As Guru says, it's just not what I hoped for. I want one like the picture he posted above, with a flatter, greener dorsal. I guess we're spoiled


----------



## Guldal (Feb 3, 2021)

fibre said:


> Why do some of you not love the flowers as they are? May it be an early hybrid or a species, the flowers are beautiful anyway! Does a flower have more charm if you know it is a species? Does a flower loose all its beauty in the moment you know it could be a hybrid???


Well, I'm just an awfull speciesist! 

Joke aside, I really hoped for something like Guru's genuine article - I neeeeeed an insigne with a more green colouring of the dorsal to complete my collection of insignes! I like my flower, though, and enjoy it gracing my living room at the mo!


----------



## paphiopere (Feb 3, 2021)

P.K.Hansen said:


> This is one of my insigne ( have another, better, just like it)
> Looks much like yours.


No lo veo como sobresaliente. Lo siento


----------



## P.K.Hansen (Feb 4, 2021)

paphiopere said:


> No lo veo como sobresaliente. Lo siento


Neither do I


----------



## paphiopere (Feb 17, 2021)

Mi Paphiopedilum insigne


----------



## dodidoki (Feb 17, 2021)

I think it is not staight insigne, although very nice.


----------



## DrLeslieEe (Feb 17, 2021)

I'm intrigued by this thread. 

I have never bloomed an insigne and have only one small 2 little growth division of insigne sanderae, years from flowering. 

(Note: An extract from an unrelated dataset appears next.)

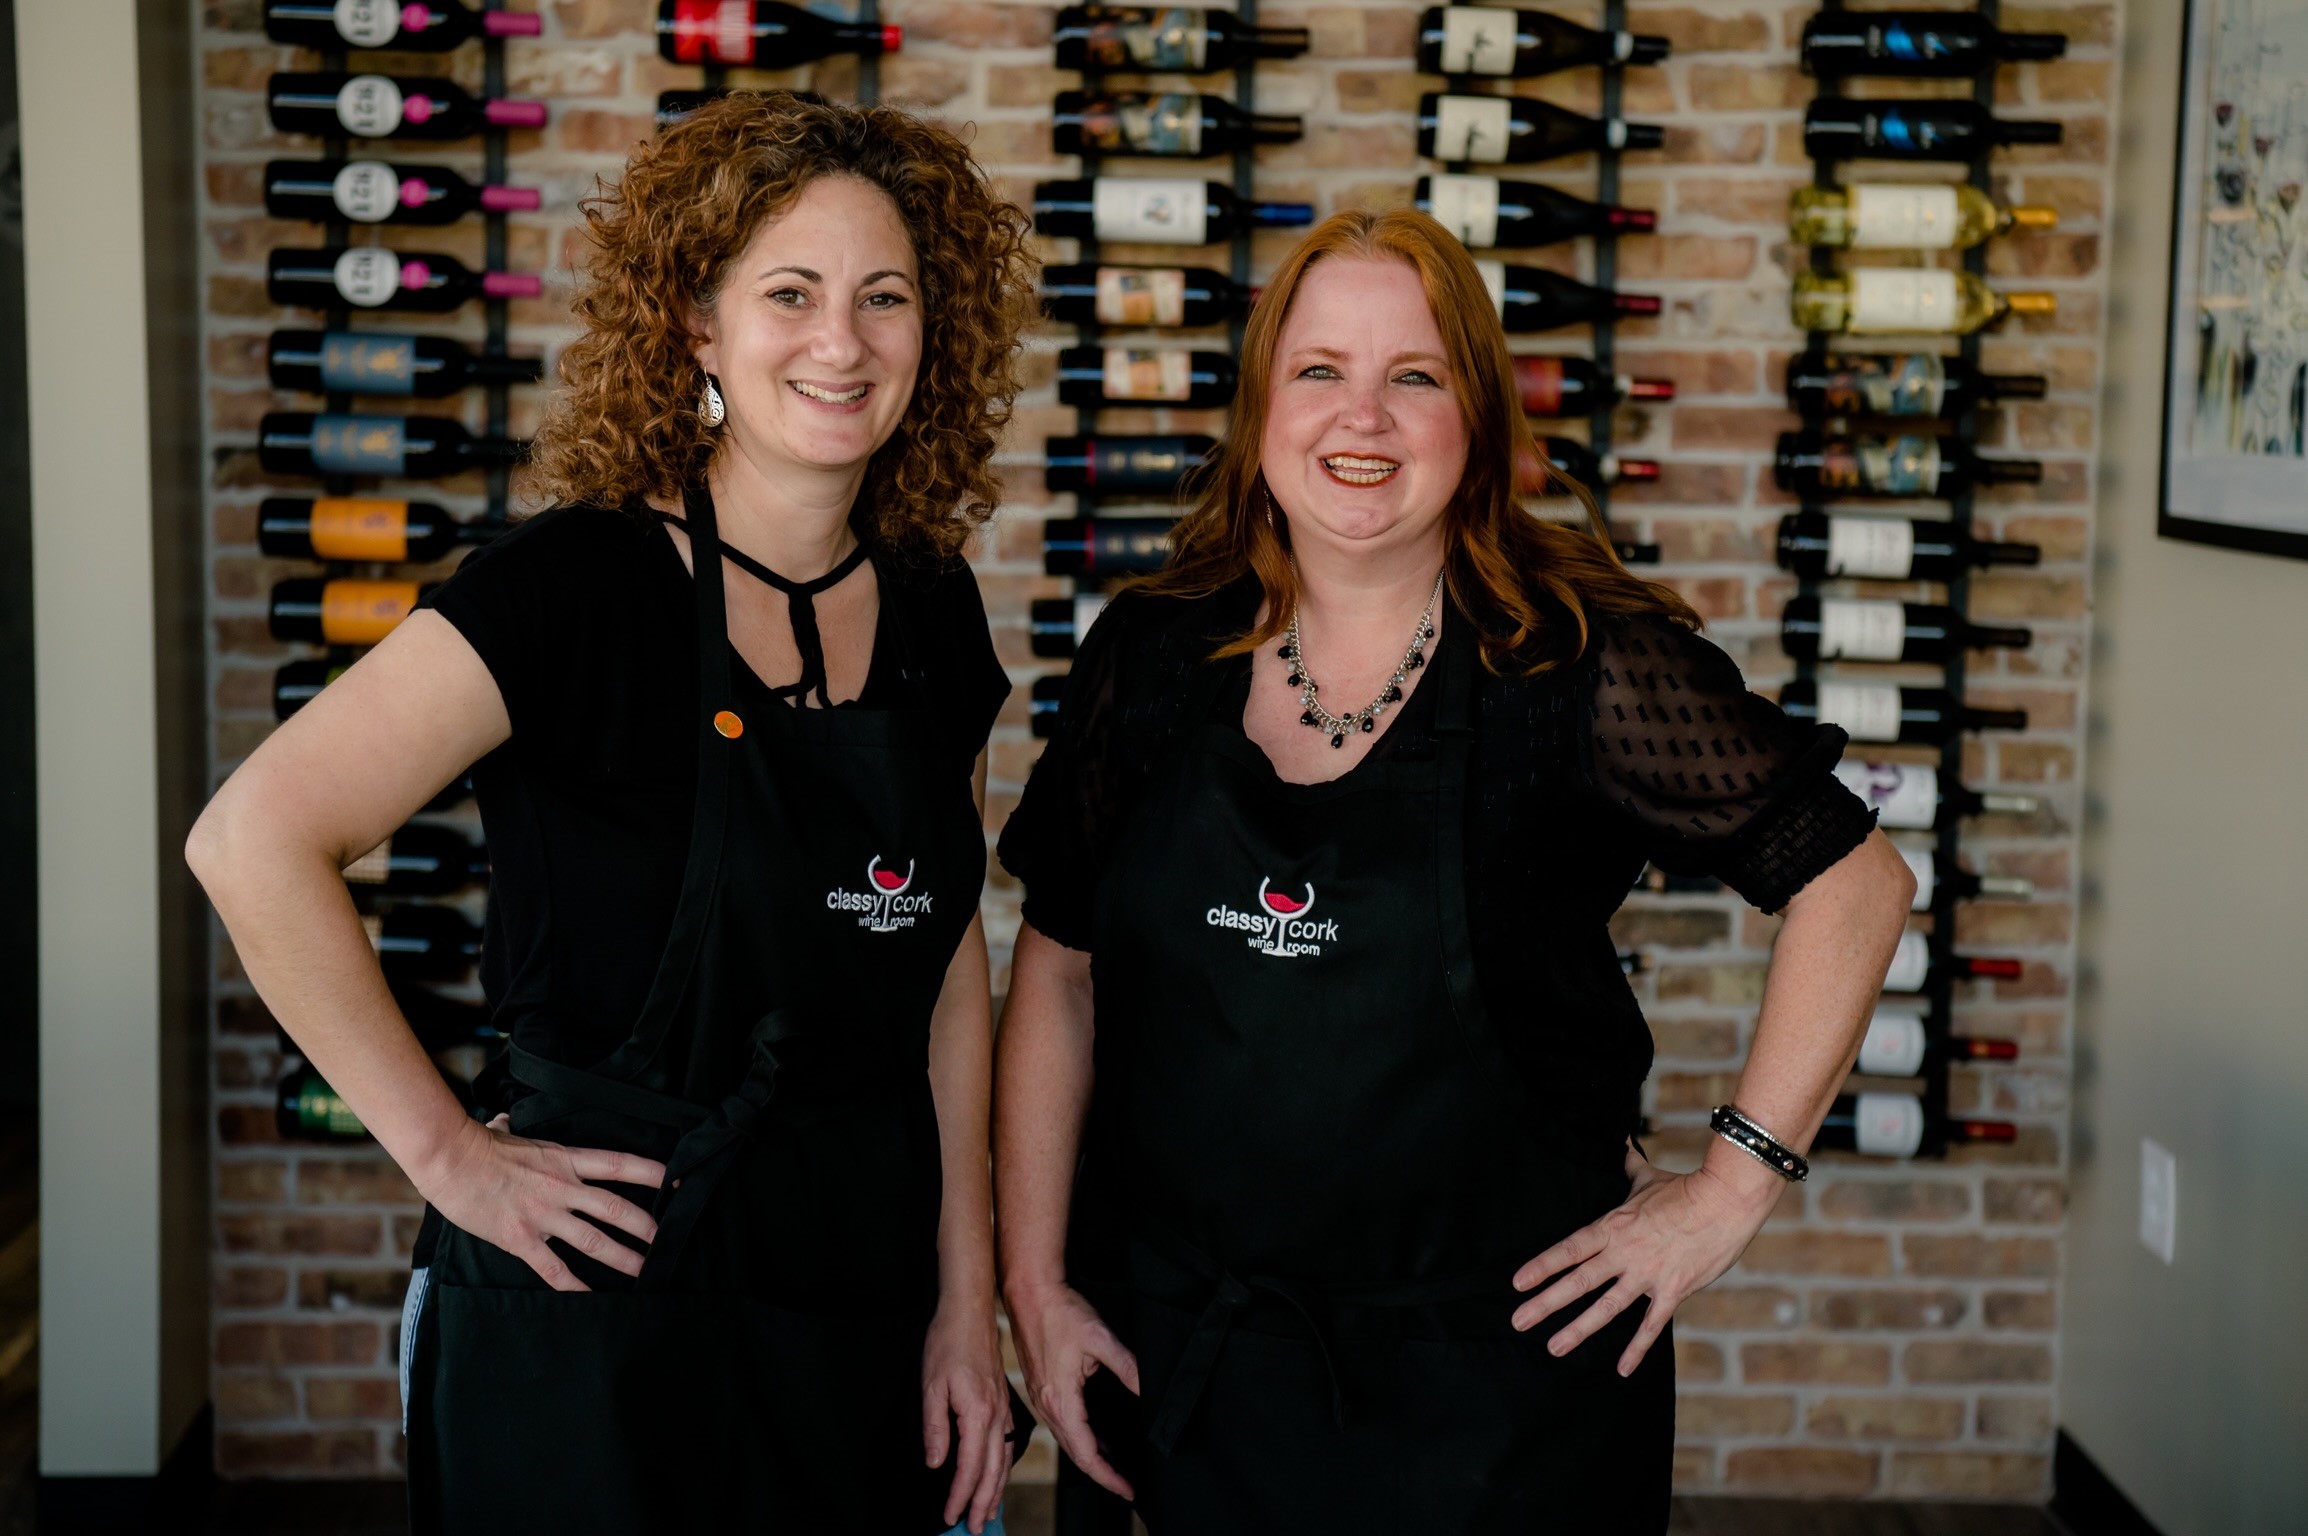 Angela and Alicia - Owners of The Classy Cork

In the opinion of the seasoned growers here, what defines a true insigne in terms of traits of markings/color, staminode and plant features? Also varieties that you think is valid? 

Please show with examples to help me appreciate the nuances of these determinations? Many thanks ahead of time.


----------



## TyroneGenade (Feb 17, 2021)

That is what my insigne looked like back in South Africa (I would love another!)

From my photo, comparing it with GuRu's plant I would say the only difference is that the red-brown spots extend up only to the green and not into the white cap of the hood. GuRu's spots extend up into the spots.

You can see the same here: IOSPE PHOTOS

Whether this is a tell-tale sign of insigne purity I don't know... How much natural variation is there?


----------



## TyroneGenade (Feb 17, 2021)

Here is another South Africa insigne (not mine) with larger flowers and double blooms per spike. Same pattern with the spots as before. Almost identical to my old plant...


----------



## TyroneGenade (Feb 17, 2021)

Here is a thread on insigne showing the Harefield Hall clone: Paphiopedilum insigne 'Harefield Hall' FCC ? same story with the spotting. But here is a photo showing the spots extending into the white: Paph. insigne 'Harefield Hall'


----------



## Duck Slipper (Feb 17, 2021)

GuRu said:


> Can't resist to show my Pah. insigne here even if this lovely species might be of little interest ?


Not sure why it would be of little interest. Excellent flower and it looks LARGE. Very nice and good thread!


----------



## Guldal (Feb 17, 2021)

TyroneGenade said:


> Here is a thread on insigne showing the Harefield Hall clone: Paphiopedilum insigne 'Harefield Hall' FCC ? same story with the spotting. But here is a photo showing the spots extending into the white: Paph. insigne 'Harefield Hall'


The first photo is definately not Harefield Hall... the second might be!


----------



## Duck Slipper (Feb 17, 2021)

This is a complex paph I bought from Woodstream years ago. Tag is long gone so I have no idea of the parents, but,
I see a lot of insigne influence?


----------



## GuRu (Feb 18, 2021)

Duck Slipper said:


> Not sure why it would be of little interest......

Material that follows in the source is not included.